◆ **Your objective**:
In the material below, find the line with "Phd dissertations online yale" and the line with "Northern Michigan Grand". Output exactly those two lines and all lines between them, leaving out pictures.

** Dataset records follows **

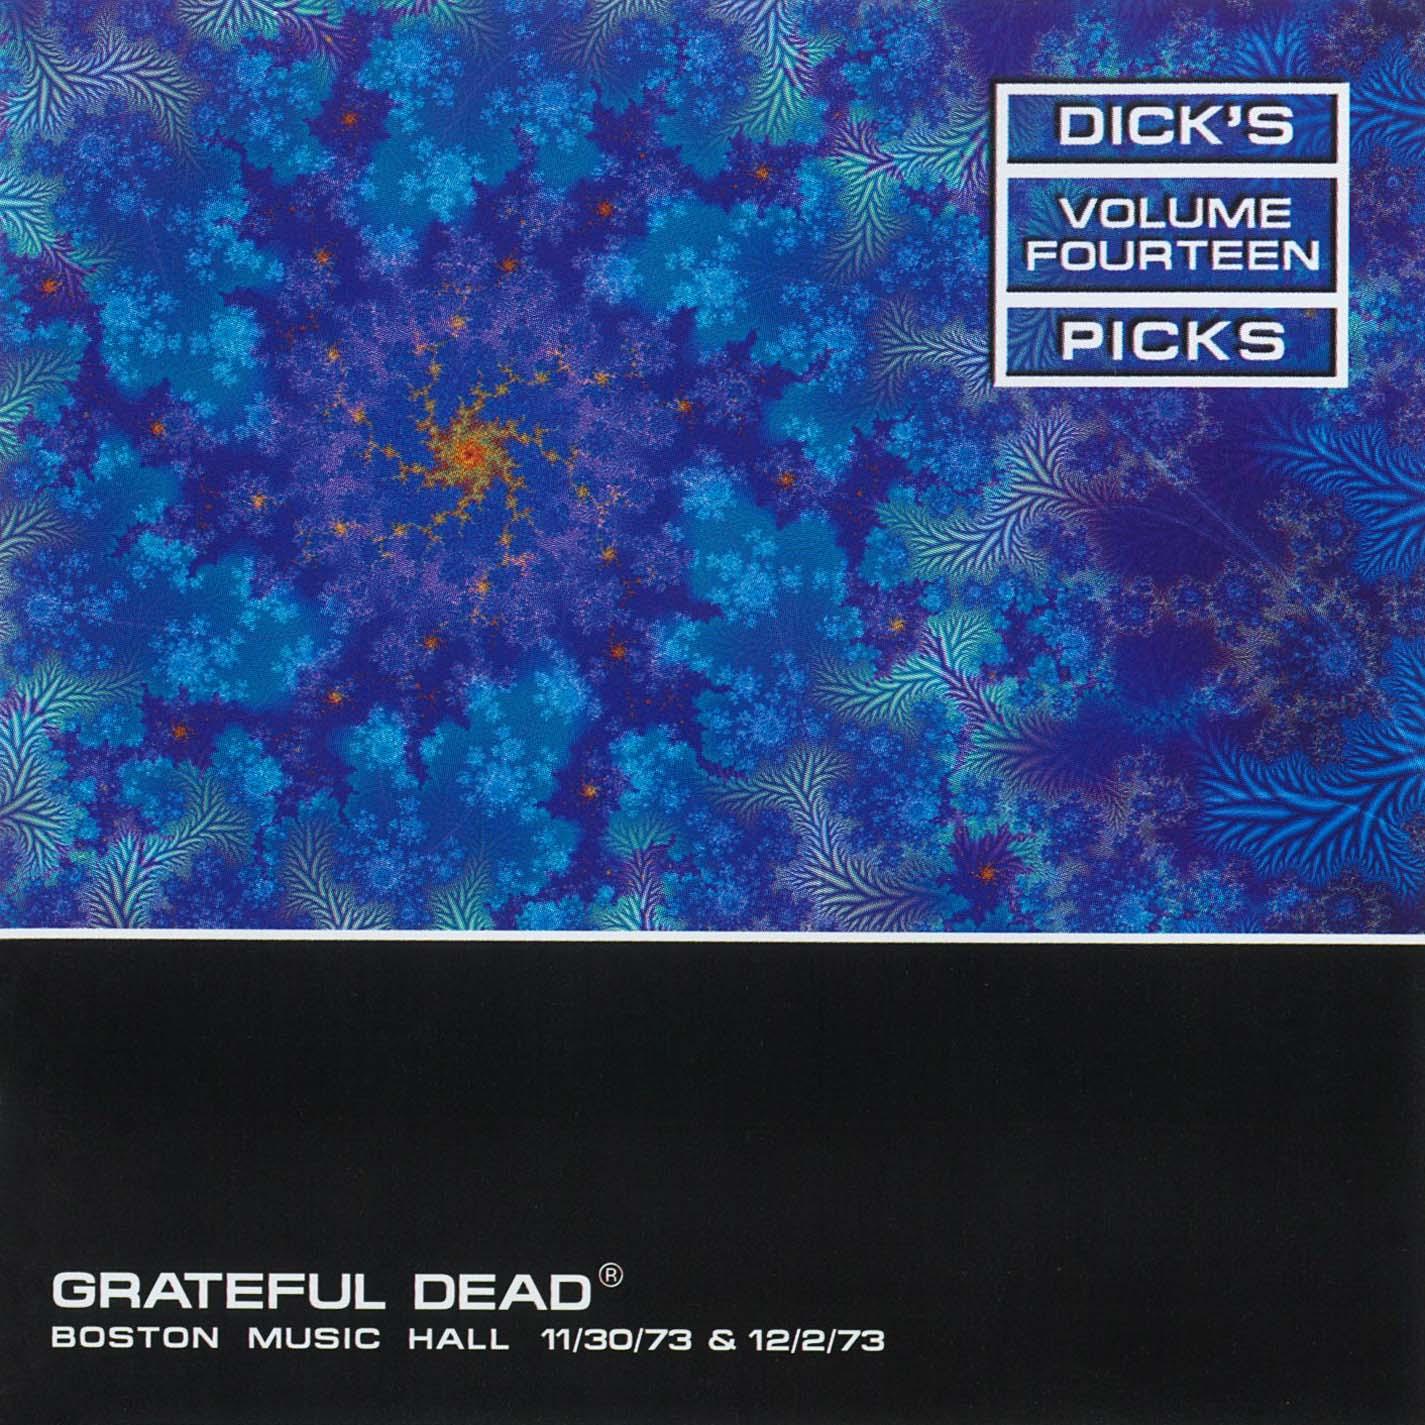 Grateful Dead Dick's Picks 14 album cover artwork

** End of Dataset records **
** Dataset records follows **

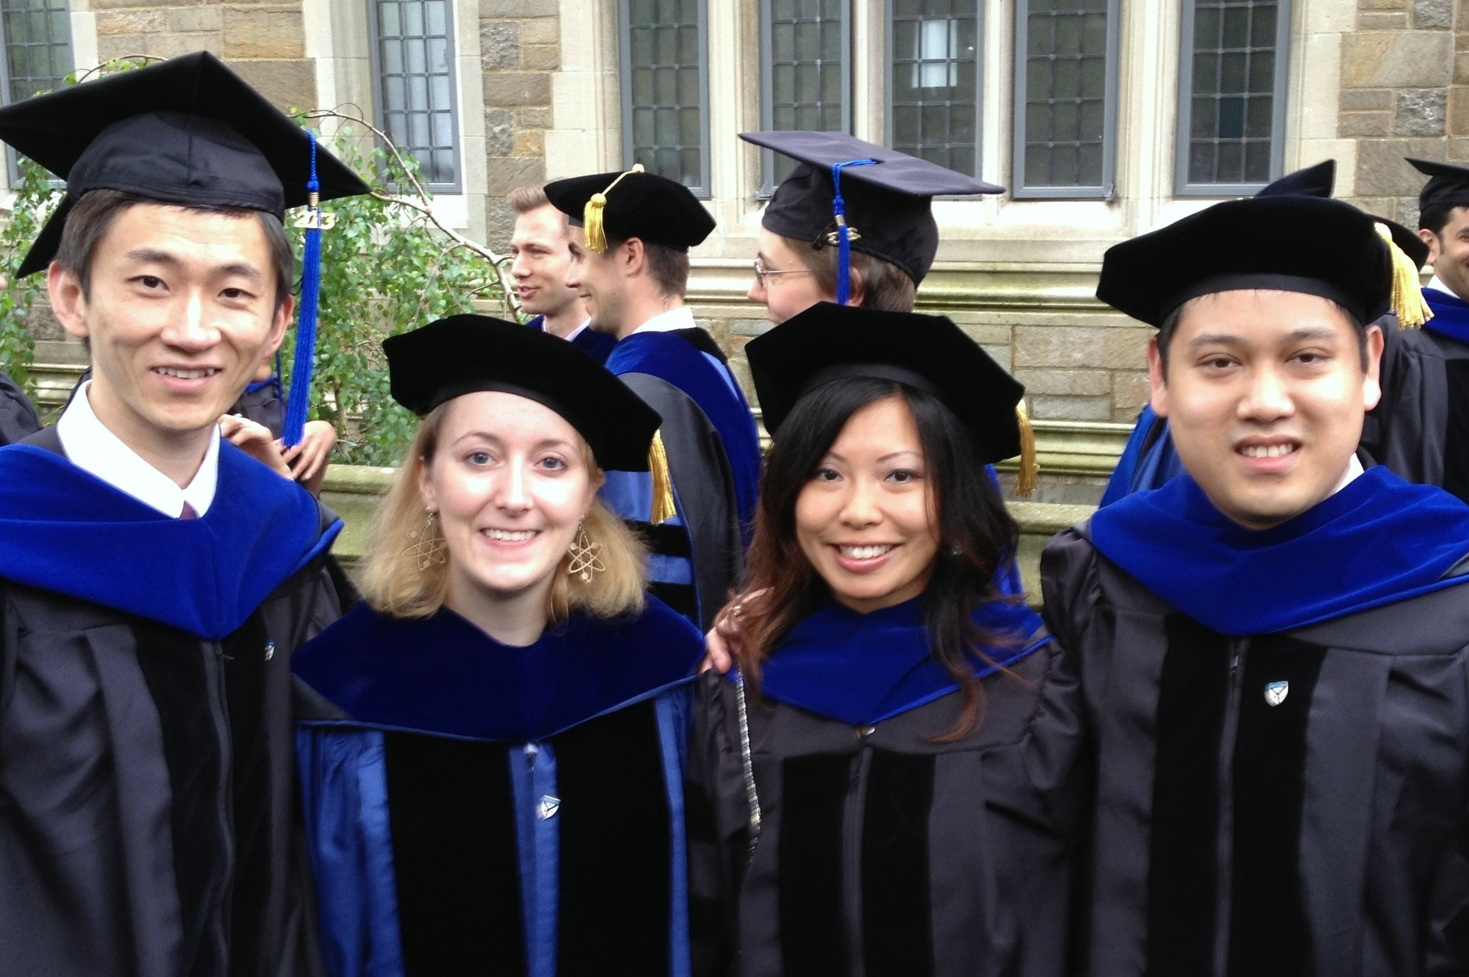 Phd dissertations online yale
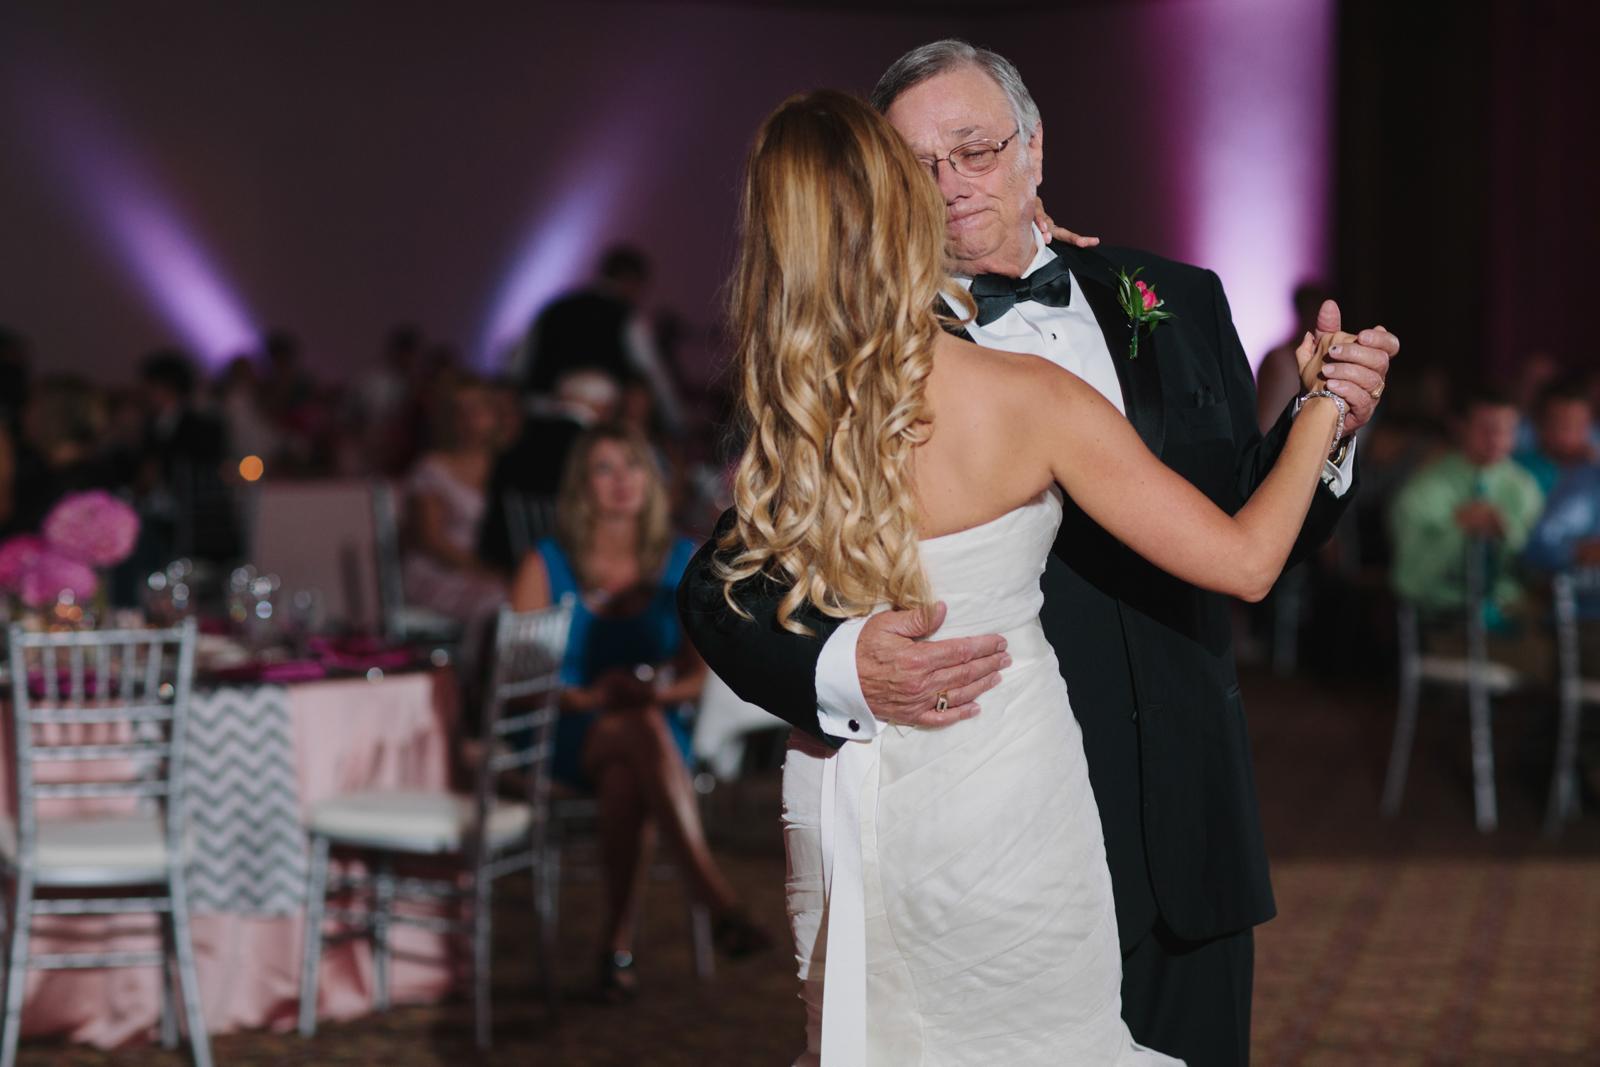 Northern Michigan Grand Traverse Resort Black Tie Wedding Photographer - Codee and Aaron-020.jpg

** End of Dataset records **

◆ **Response**:
 Phd dissertations online yale
 Northern Michigan Grand Traverse Resort Black Tie Wedding Photographer - Codee and Aaron-020.jpg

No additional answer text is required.